Wherever I walked, people gawked or took pictures or grabbed my grocery list to examine my sloppy cursive.
It was an entire year of halting small talk in broken, simple phrases – a strange cocktail party where I was both dignitary and circus performer. Always talking, never connecting. Unable to disappear but never really seen at that soul level that I craved.
The whole thing had left me a little gray-tinged and hollow.
But we were back in the country now, new to town, still unpacking the boxes in our cute one-bedroom apartment.
We were starting over, starting out, and I felt a little bit like if I could just get to the right church, everything would be okay.
I’d been lonely like this before, after all. Once upon a time, I’d walked into the church youth group alone and awkward and 13 years old, and they’d taken me straight in. This kind of instant love leaves a mark, subtle and powerful, and you find yourself searching subconsciously for that kind of belonging all the rest of your days.
We go to the little white church for the first time one sunny fall morning, and the light streaks in as we stand there singing and then turn to greet our neighbors.
We say hello and smile. People shake our hands warmly but do not ask our names.
The room quiets, and a woman comes to the front to tell a bit of her story. A little pre-sermon thought. An anecdote. An antidote.
It’s a story about loneliness and friendship. It’s the story of how she and her husband struggled so mightily to connect at church, how they joined things, how they “plugged in,” how they never seemed to be able to cultivate the friendships they really wanted.
I don’t remember the details of her story. But I remember the conclusion. The metaphor. The epiphany.
“What I discovered,” she says, “is that people are like Lego blocks. Some of us have lots of connector spots, and some of us are those little square ones with only four spots, and it’s not personal. You just only have a certain amount of space for friendship.”
The whole place seems to be nodding in tandem, and she says, “I discovered that people weren’t intentionally trying to exclude me. It’s just that all their Lego connector spots were full.”
And of course, it made all the sense in the world.
But I was lonely. I was waiting for the church people to take us straight in like they did all those years before. I needed love and belonging and an invitation to lunch.
But they were Lego blocks filled up, connected and connecting, already built into what they wanted to be.

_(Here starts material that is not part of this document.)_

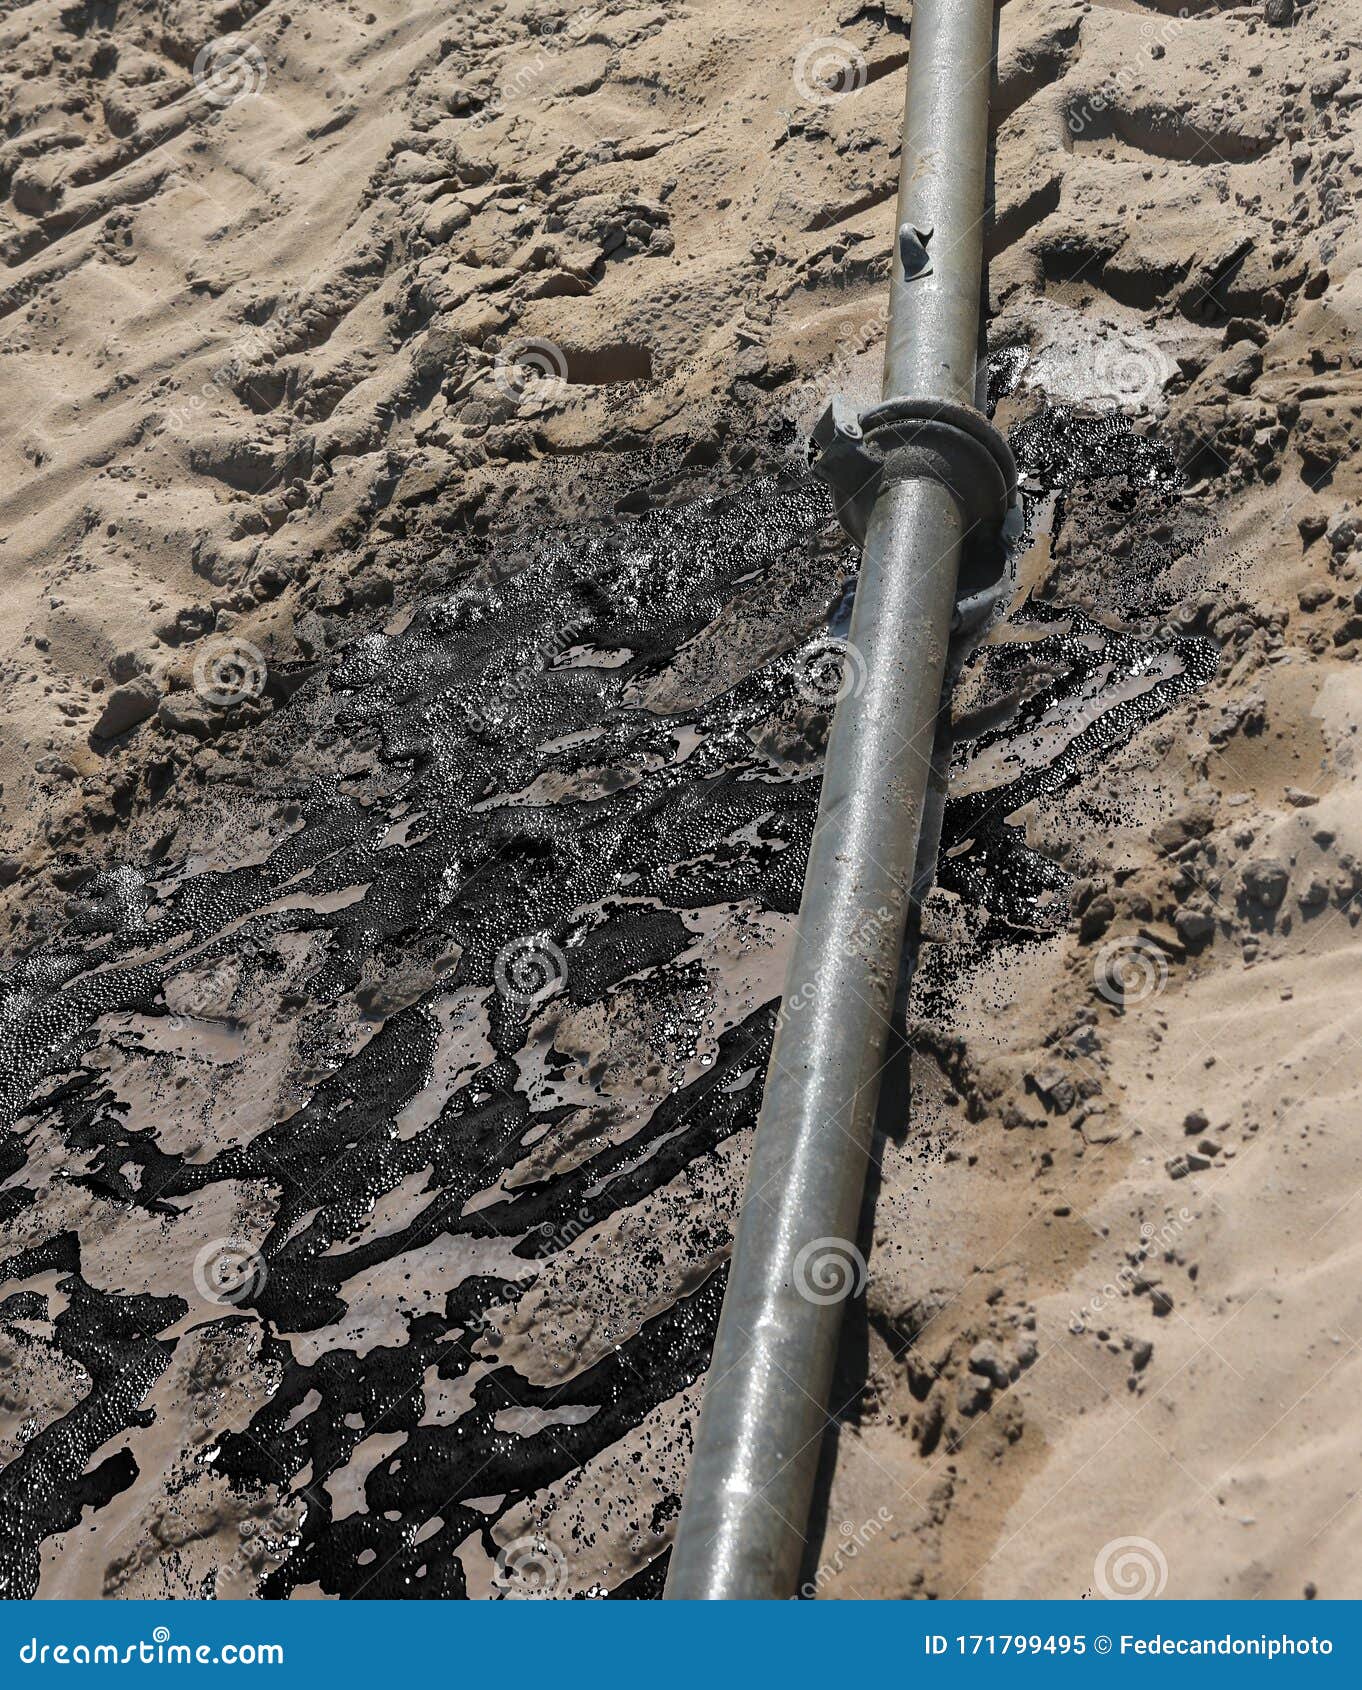 defective pipe leaks oil on a field

I’ve always been an introvert. From my earliest childhood, I was a one-best-friend kind of person…which I suppose makes me even worse than one of those four-pronged square Legos. I’m like a Lego dot.

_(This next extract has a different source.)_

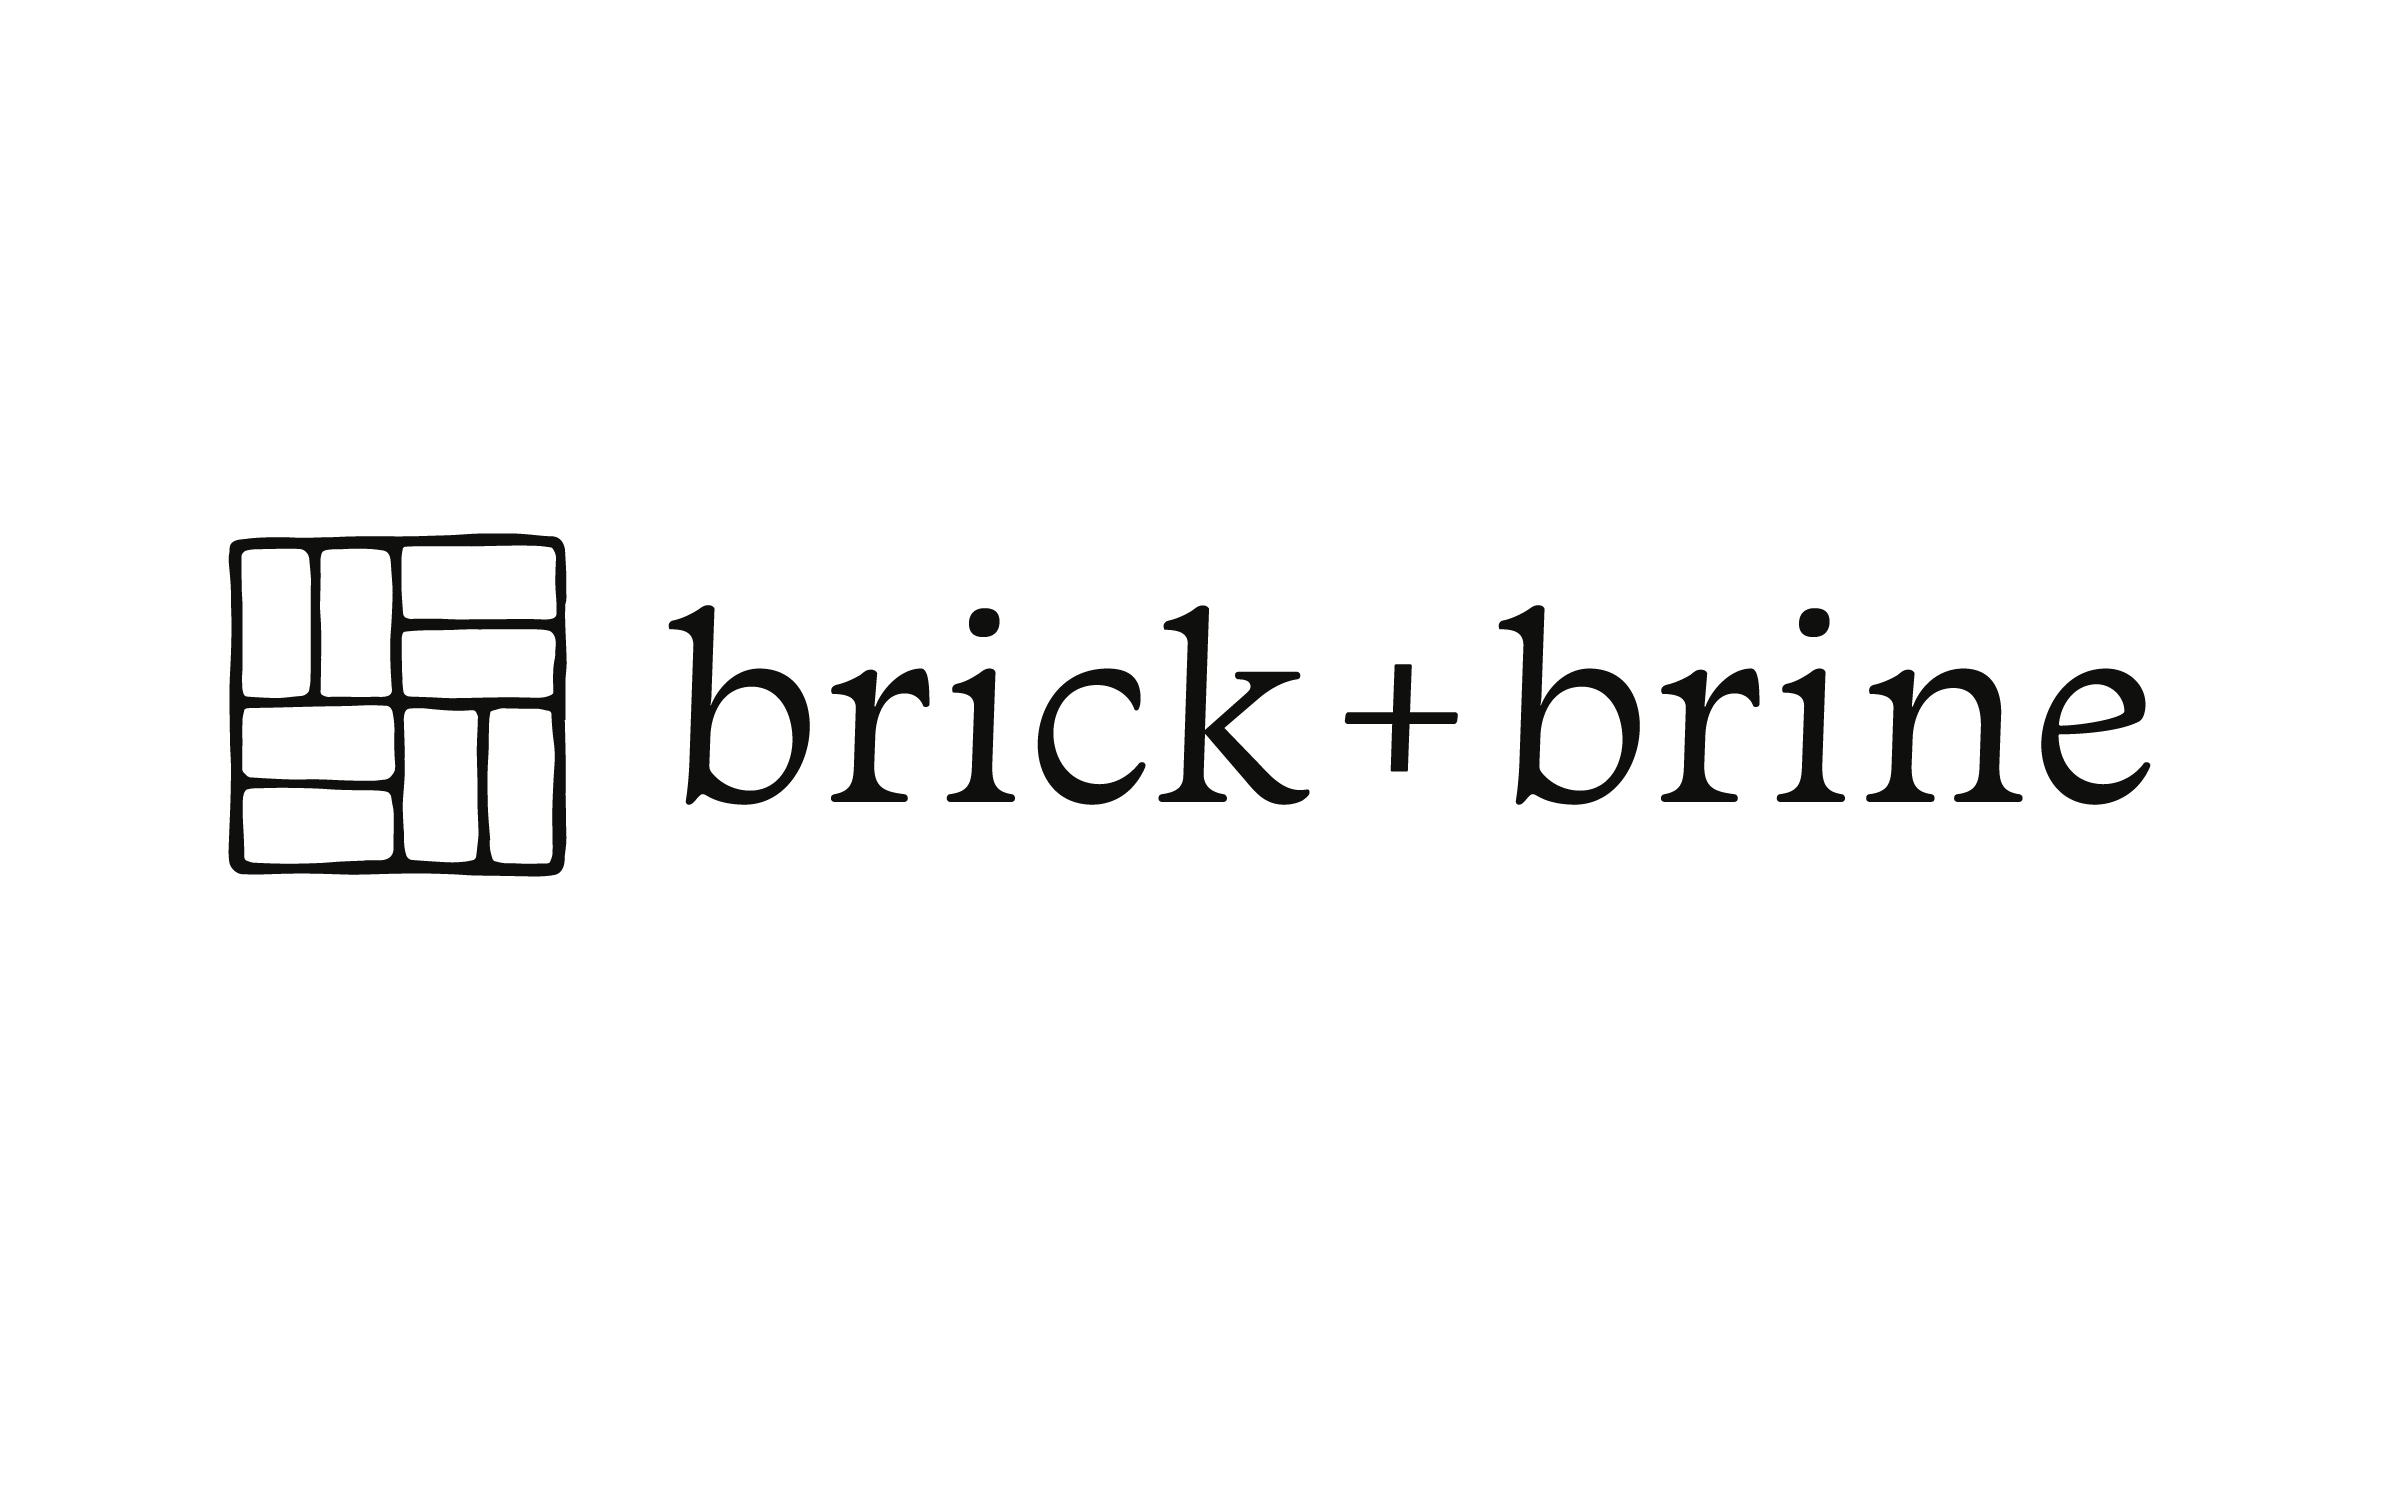 Introducing Brick and Brine

I am acutely aware of my own limitations when it comes to friendship and connection. Too many dinner/coffee/drinks dates in a row, and I get crabby and claustrophobic. Too many toddlers up in my business, and I turn into Wacko Yelling Mom.
I believe that God did not build us to be BFFs with every person to cross our paths. We are limited. We are meant to be limited.

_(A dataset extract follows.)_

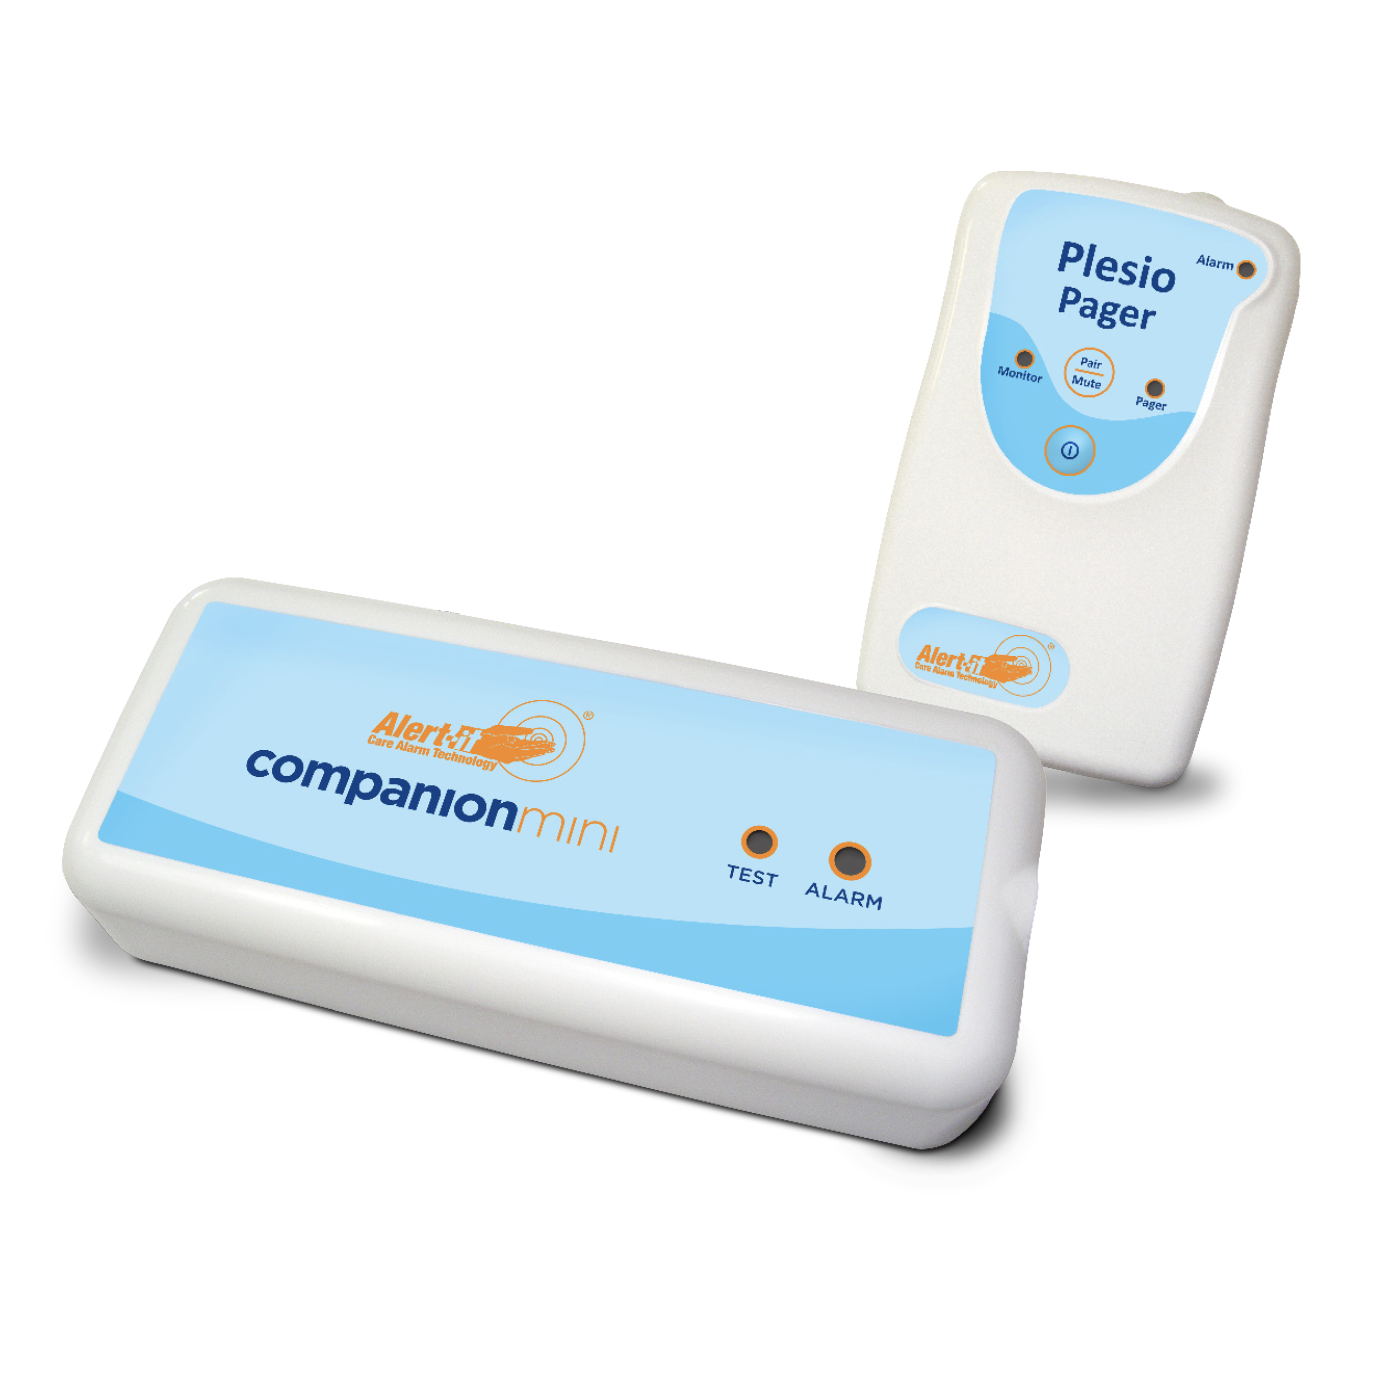 Companion Mini – Includes Plesio Pager – Epilepsy Monitor & Alarm – Digital Movement Sensor – Alert-iT Care Alarms

And yet, at the heart of the gospel is this idea of more than enough – more than enough love to cover our hate, more than enough grace to cover our brokenness, more than enough Light to dispel our darkness.
There is a story in the Bible about a boy who gives what he has – a couple of fish, a few loaves of bread. And Jesus takes it and blesses it, and somehow, it feeds a whole hungry crowd of five thousand.
What is clearly not enough becomes enough. Becomes more than enough.
And I think about this when I think about relationships and church and plugging in. When I think about the lonely ones who are in between homes. Who are in transition, who are looking for their people, who are not sure they’ll ever find them.
If we believe we are Lego blocks, plastic and unyielding with no spaces available, we will end up living that way.
We’ll exclude one another unintentionally; we’ll live blind to the need around us, to the new face that appears and disappears before we can ever learn a name. We become cliquey and ingrown and sharp at the edges.
We can’t be everything to everyone. But we will be something to everyone. We can choose to live in the generosity of God’s love or in the poverty of our limitations, and it matters what we choose.
So what if you can’t go out to coffee with her every week?
Go once. Listen. Ask questions.
Maybe you won’t end up sharing your deepest, darkest secrets with that couple in the lobby, but ask them about their kids. Remember their names. Write them down if you have to.
Look at the prom photos of her grandkids that she carries in her purse. Ask about his job and really listen when he talks about it. These small moments matter too.
In the end, there is a difference between nice and kind, and more and more I am convinced that “community” is not formed by telling everything to everybody but by these simple, strong threads of love.
And it’s both: we are limited, and we are not.
We are not Lego blocks, plastic and immovable. We give the last crust we have and trust God to make it enough.
We grow. We expand. We choose to take each other in.